On a psychosocial level, the reason I cannot be considered a founder of fwa is that I was not actively participating in the discussion -- or, for that matter, in the flow of wit. That's what made me more or less invisible, too. However, the more important reason is that I was not a fan writer. I hadn't even pubbed my one and only ish yet, so I barely even qualified as a neo. I was a fringe fan.

It's interesting that of the New Fen I named, three of us are involved with Apparatchik. Victor is beavering his way toward BNFdom. carl is neither fan nor fowl. I -- oblivious to The Enchanted Duplicator and fresh from another Worldcon where I sometimes sat, got sercon, and listened silently to BNFs -- am still a fringe fan.

However, I am now writing semi-regularly for a fanzine. In honor of my presence on that hallowed night twelve years ago, I propose another organization: ffwa.

Past presidents, anyone?

carl adds: Randy has kindly allowed me an opportunity to append the following from our correspondence. Consider it a non-fan non-fowl response:

"It strikes me that deep communion with TED as a requirement of non-fake-non-fringe fandom is pretty stiff. I haven't read it myself, and despite my fringeness I've been reading old fmz (Pongs, Izzard/Teloses, Space Junk, Spanish Inquisition, Science Fiction Review) for years and indeed in this year's FAAN awards I was that lone vote for Elmer Perdue for Best Fan Writer. I consider myself something like a fringefan, in almost direct proportion to the degree to which I consider sf important work.

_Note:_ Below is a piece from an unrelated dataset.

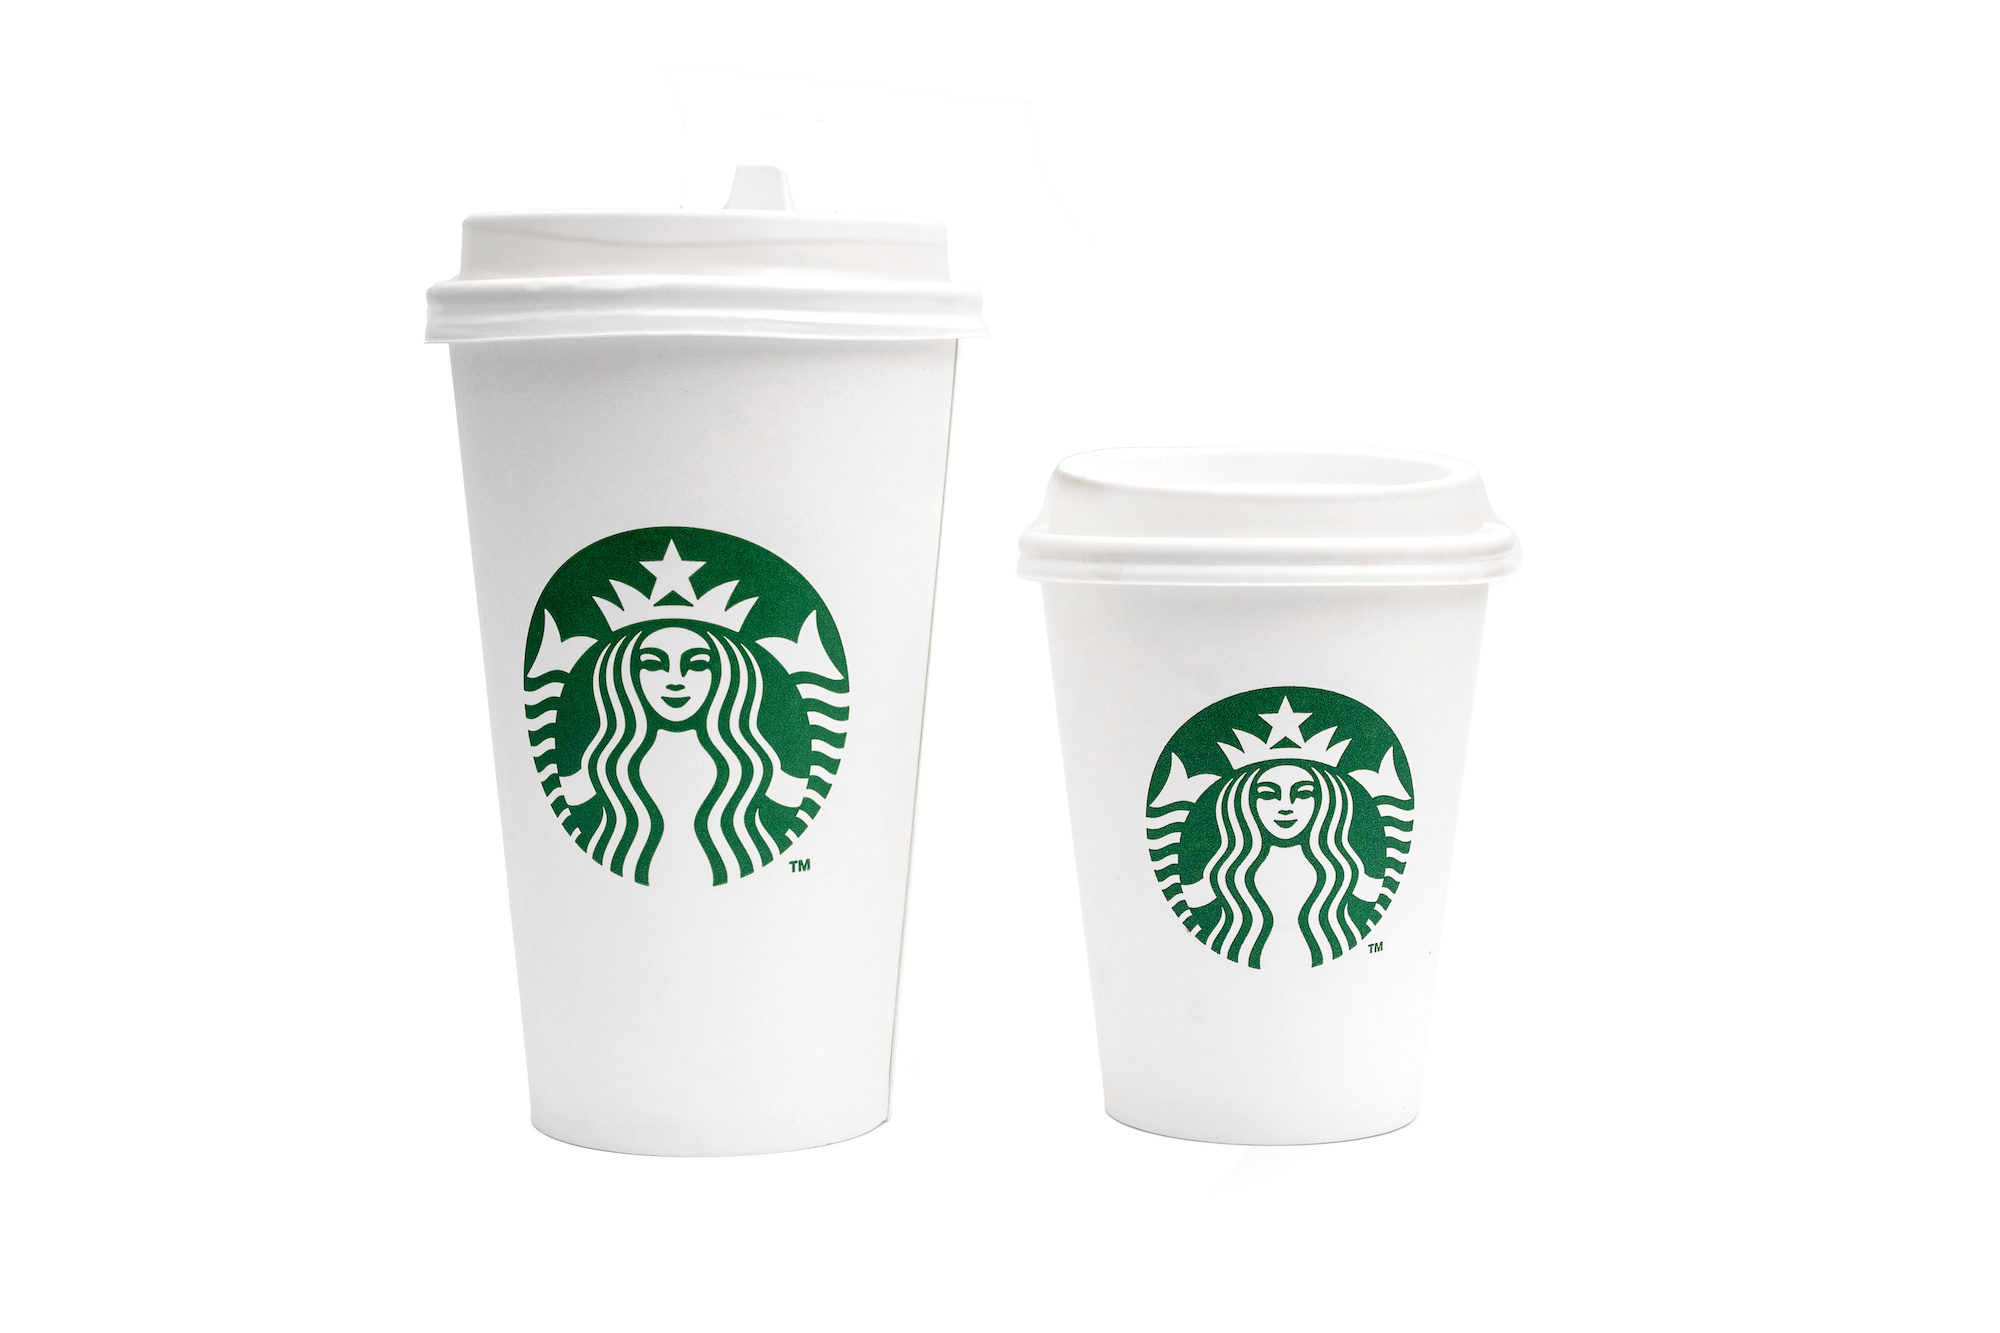 Starbucks Short: The Starbucks Short Cup Size

"Otherhandedly, in fandom as everywhere else there will always be people who do things and people who write about them, and an overlap between those two groups that makes those things public/published via print or on the Web. (You yourself completely elide the apazines we were doing, or perhaps that's a comment hook.) I'm not sure being part of the former group makes one any less a fanzine fan than being primarily a member of an alternative sf fandom like furry animals or anime.* You're there, you're there repeatedly (celebrating 12-16 year anniversaries), people in the local fandom recognize you, you know the current customs. Well, you might be an anthropologist I suppose."

_____
* Take a look here, for example: http://www.access.digex.net/~electro/electro.html


Peggy and I just sit on the hill, watching the sunsets and occasionally humming to ourselves Hail to the Chief.